Shali, you are a smart lady, I always appreciate your wise words.


----------



## Ameriscot

IKE said:


> Hell if I had a 4 hr. erection I wouldn't be able use the ceiling fan over the bed while reclining on my back.
> 
> thump, ouch.....thump, ouch.....thump, ouch.



What's your address??!!  

:lol:


----------



## QuickSilver




----------



## IKE

Ameriscot said:


> What's your address??!!
> 
> :lol:



PM headed your way darl'in.


----------



## HazyDavey

mitchezz said:


> We're Catholic so I went with Immaculate Conception.



That's a good one!!   :highly_amused:


----------



## Ameriscot

IKE said:


> PM headed your way darl'in.



Yea, baby!!  :sentimental:


----------



## Ameriscot

Pappy said:


> Or, go camping. No tent poles needed.



:lol:


----------



## QuickSilver

You people are so dirty minded.....


----------



## ossian

Ameriscot said:


> What's your address??!!
> 
> :lol:


Damn, that size issue again.  Now I feel depressed. Back to the bingo, I suppose! :grin:


----------



## QuickSilver

All this sex talk..   I just may have to give it a try again


----------



## Ameriscot

QuickSilver said:


> All this sex talk..   I just may have to give it a try again




Go for it!!  I highly recommend it.


----------



## QuickSilver

Ameriscot said:


> Go for it!!  I highly recommend it.
> 
> View attachment 30326



even better..


----------



## Falcon

A lot of dry humor, ya ask me !


----------



## Shalimar

Ike, address? Shhhh. We won't tell Philly.......lol, or Annie's hubby.


----------



## Shalimar

I have never laughed so hard before seven thirty am before. You guys are awesome! Thanks.


----------



## QuickSilver

Falcon said:


> A lot of dry humor, ya ask me !



Gives a whole new meaning to the question "Do you "Smoke" after sex?"  doesn't it?


----------



## Shalimar

QS, HaHaHaHaHaHa!


----------



## ossian

QuickSilver said:


> All this sex talk..   I just may have to give it a try again


Well if you do let me know what is involved! I can remember something about expensive meals, wine and dark rooms. After that, it is all a blank!


----------



## SifuPhil

Shalimar said:


> Ike, address? Shhhh. We won't tell Philly.......lol, or Annie's hubby.



HEY, now!


----------



## QuickSilver

ossian said:


> Well if you do let me know what is involved! I can remember something about expensive meals, wine and dark rooms. After that, it is all a blank!

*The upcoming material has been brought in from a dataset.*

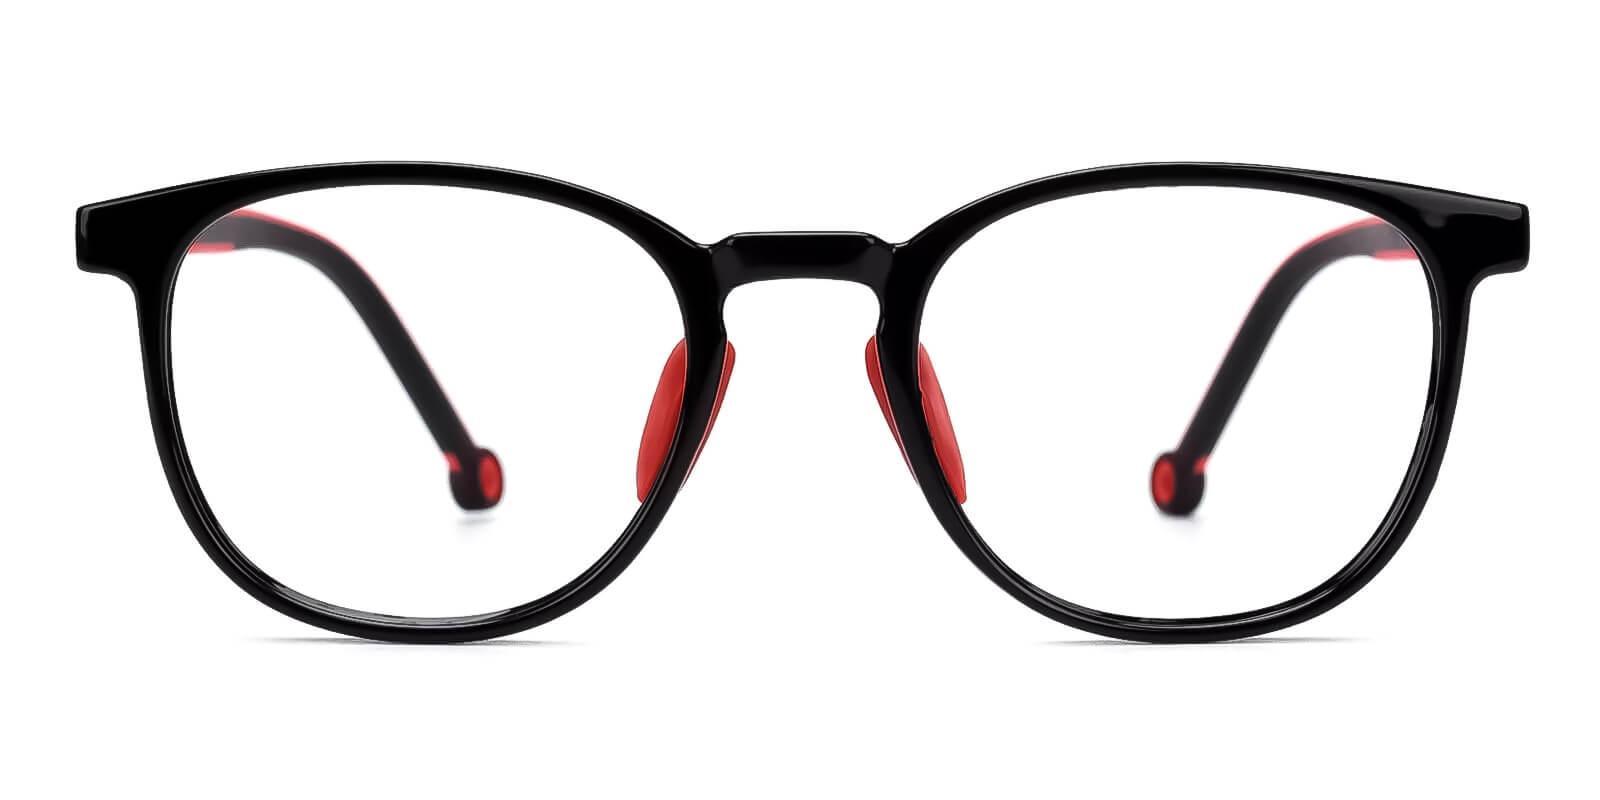 Kids-Trenta Black TR Eyeglasses , Fashion , UniversalBridgeFit Frames from ABBE Glasses
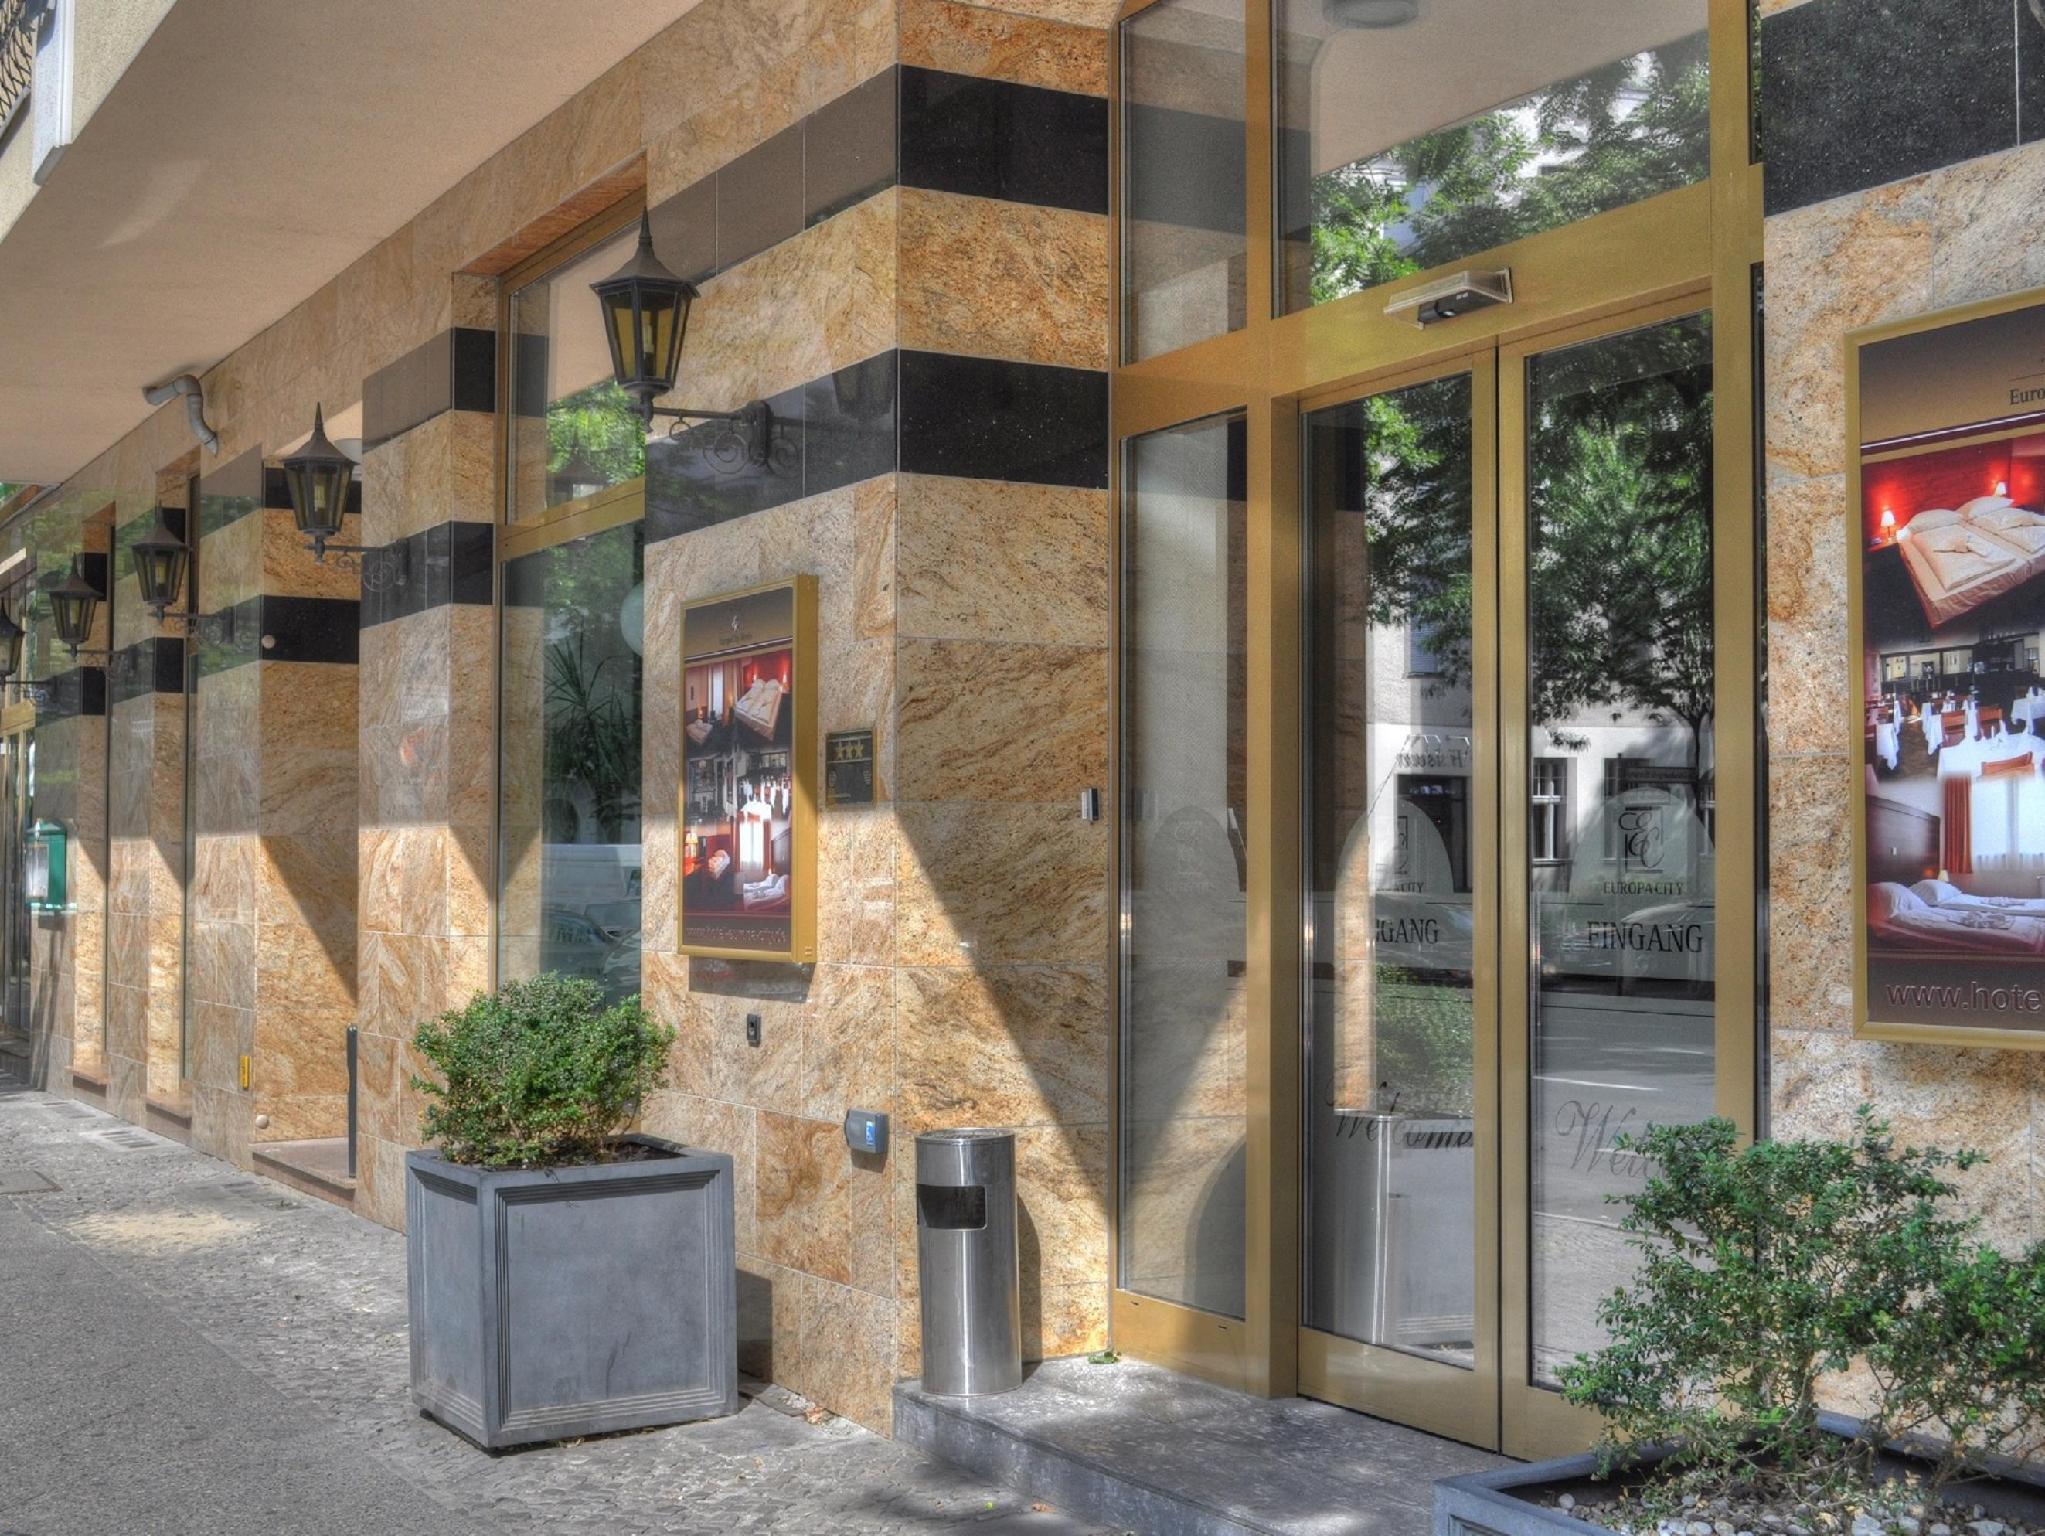 Hotel Europa City - Hotell och Boende i Tyskland i Europa

I'm hoping it's like riding a bicycle...


----------



## Bobw235

QuickSilver said:


> I'm hoping it's like riding a bicycle...



Well.....it is good exercise.......and there are other similarities, but I'll stop there.


----------



## Phoenix

Guitarist said:


> There may not be anything offensive to _you_. It is offensive to _me._  It started out mentioning some hypothetical woman as a sex object (the poster has posted before he doesn't even "have" a woman right now anyway so she must be hypothetical). Then other guys chimed in making comments on the same theme.  Showing absolutely no respect for women whatsoever.  Yes. That offends me.  Some of these guys can be funny on other threads, then one of them -- who never plays any other games here -- makes some sexist comment, and other guys join in.  And you women think it's funny.
> 
> Guess you have no self-respect, huh, girls?
> 
> That's why women have been seen as sex objects for so long.  They think it's funny.  Like those here who call their own breasts boobs, and don't see what a put-down that is.
> 
> I just don't get you people. That's why I quit welcoming the new people who come here thinking this is a great community.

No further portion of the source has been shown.